Mounts not expiring in setups with nested submounts

Leonardo Chiquitto <leonardo.lists@xxxxxxxxx> · Fri, 29 Mar 2013 17:33:54 -0300

Hi,

In some configurations that use nested submounts, a busy volume
can prevent AutoFS from expiring other mounts. This was reported
by a customer and I'm able to reproduce it with a "minimal" config:

In your NFS server, export the following structure of directories:
/nfs/vol/a/mount1
/nfs/vol/a/mount100
/nfs/vol/b/mount1
/nfs/vol/b/mount100
/nfs/vol/b/mount200

AutoFS configuration:
BROWSE_MODE="yes"
TIMEOUT=60

auto.master:
/vol /etc/auto.vol
--
auto.vol:
a -fstype=autofs file:/etc/auto.vol.a
b -fstype=autofs file:/etc/auto.vol.b
--
auto.vol.a:
disk1 -fstype=autofs file:/etc/auto.vol.a.disk1
mount1 server:/nfs/vol/a/mount1
--
auto.vol.b:
disk1 -fstype=autofs file:/etc/auto.vol.b.disk1
disk2 -fstype=autofs file:/etc/auto.vol.b.disk2
mount1 server:/nfs/vol/b/mount1
--
auto.vol.a.disk1:
mount100 server:/nfs/vol/a/mount100
--
auto.vol.b.disk1:
mount100 server:/nfs/vol/b/mount100
--
auto.vol.b.disk2:
mount200 server:/nfs/vol/b/mount200
--

Steps to reproduce the problem:

1. Trigger mount of /vol/b/disk2/mount200 first and keep it busy
2. Mount all the other exported volumes

mount(8) output must be something like this (I think the order matters):
server:/nfs/vol/b/mount200 on /vol/b/disk2/mount200 type nfs
(rw,addr=10.121.8.27)
server:/nfs/vol/b/mount1 on /vol/b/mount1 type nfs (rw,addr=10.121.8.27)
server:/nfs/vol/b/mount100 on /vol/b/disk1/mount100 type nfs
(rw,addr=10.121.8.27)
server:/nfs/vol/a/mount1 on /vol/a/mount1 type nfs (rw,addr=10.121.8.27)
server:/nfs/vol/a/mount100 on /vol/a/disk1/mount100 type nfs
(rw,addr=10.121.8.27)

After the timeout, /vol/b/disk1/mount100 will be correctly unmounted,
but the other mounts will never expire (not even with SIGUSR1).
In this example only 4 mounts are blocked, but in some occasions
we've seen dozens of non-expiring mounts because of this bug.

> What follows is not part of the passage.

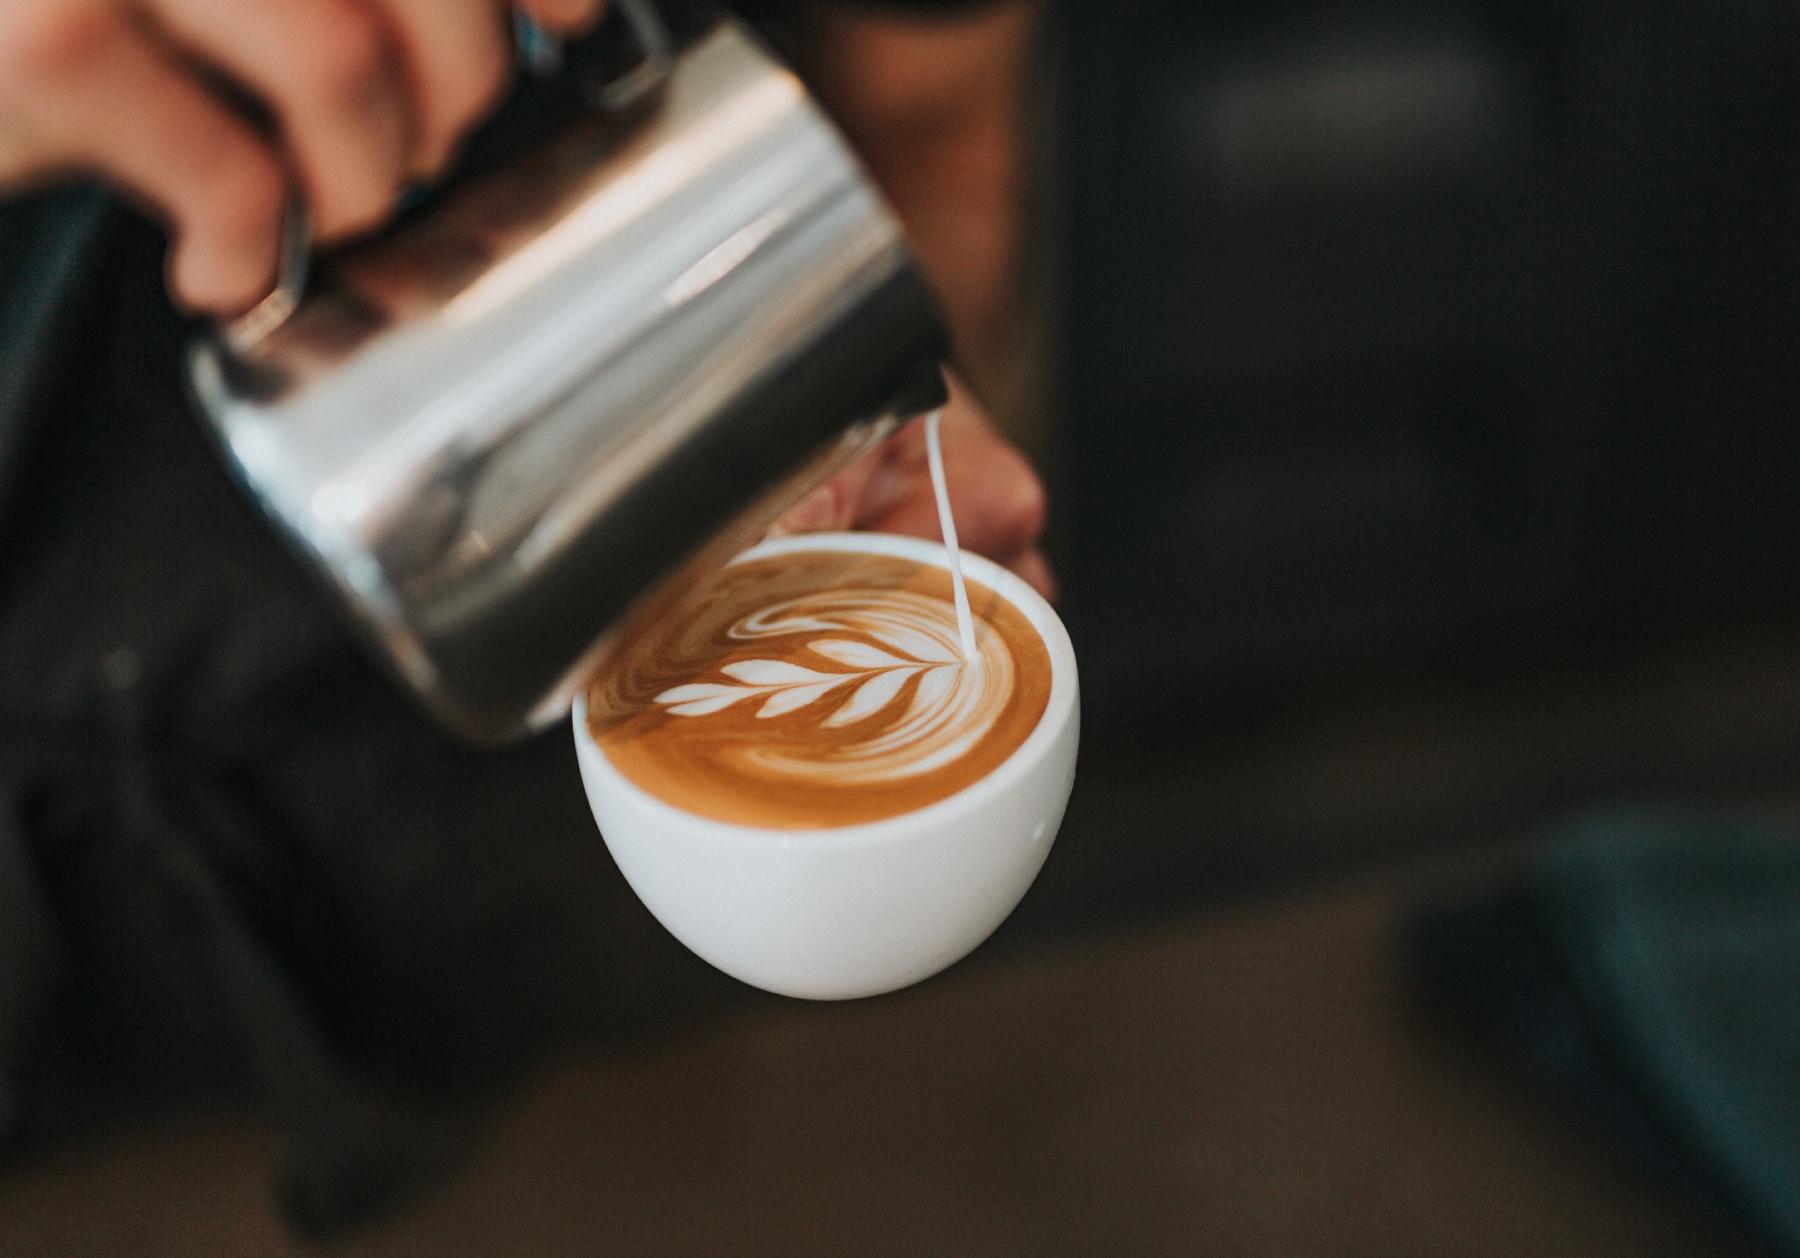 Anyone for coffee?

I debugged the problem and discovered that it happens because
the recursion implemented in master_notify_submount() stops
on purpose after the first level of nested submounts. This was
implemented in autofs-5.0.4-expire-specific-submount-only.patch.

The patch below fixes the problem, but re-introduces recursion to
deeper levels. Tests didn't reveal any regression so far.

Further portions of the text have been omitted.